I am trying to implement a clustering method in a test dataset based on their similarity to a sample dataset using Euclidean distance. The test data set has 500 points, each point is an N-dimensional vector (N = 1024). The training dataset has about 10,000 points, and each point is also a 1024-dimensional vector. The goal is to find the L2 distance between each test point and all sample points in order to find the closest sample (without using any python distance functions). Since the test array and the training array are of different sizes, I tried to use translation:

import numpy as np dist = np.sqrt(np.sum( (test[:,np.newaxis] - train)**2, axis=2))

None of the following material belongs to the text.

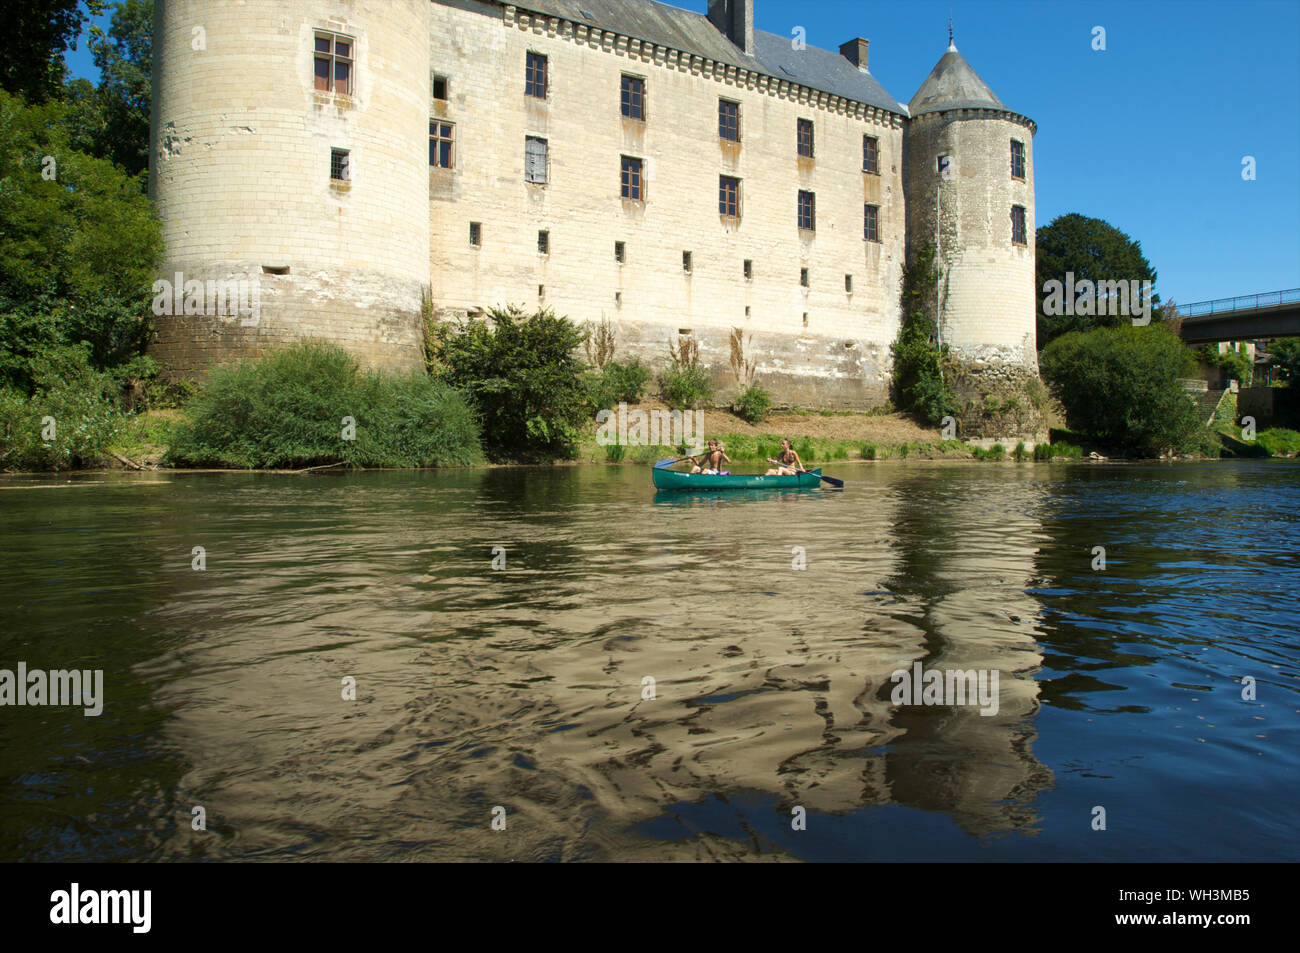 The Chateau de La Guerche with two children in a kayak on river La Creuse in Indre and Loire Valley, France Stock Photo

where the test is an array of the form (500, 1024), and the train is an array of the form (10000, 1024). I get a MemoryError. However, the same code works for smaller arrays. For instance:

  test= np.array([[1,2],[3,4]]) train=np.array([[1,0],[0,1],[1,1]])

Is there a more efficient way of memory to do the above calculations without loops? Based on messages on the Internet, we can implement the L2 norm using sqrt matrix multiplication (X * X-2 * X * Y + Y * Y). So I tried the following:

  x2 = np.dot(test, test.T) y2 = np.dot(train,train.T) xy = 2* np.dot(test,train.T) dist = np.sqrt(x2 - xy + y2)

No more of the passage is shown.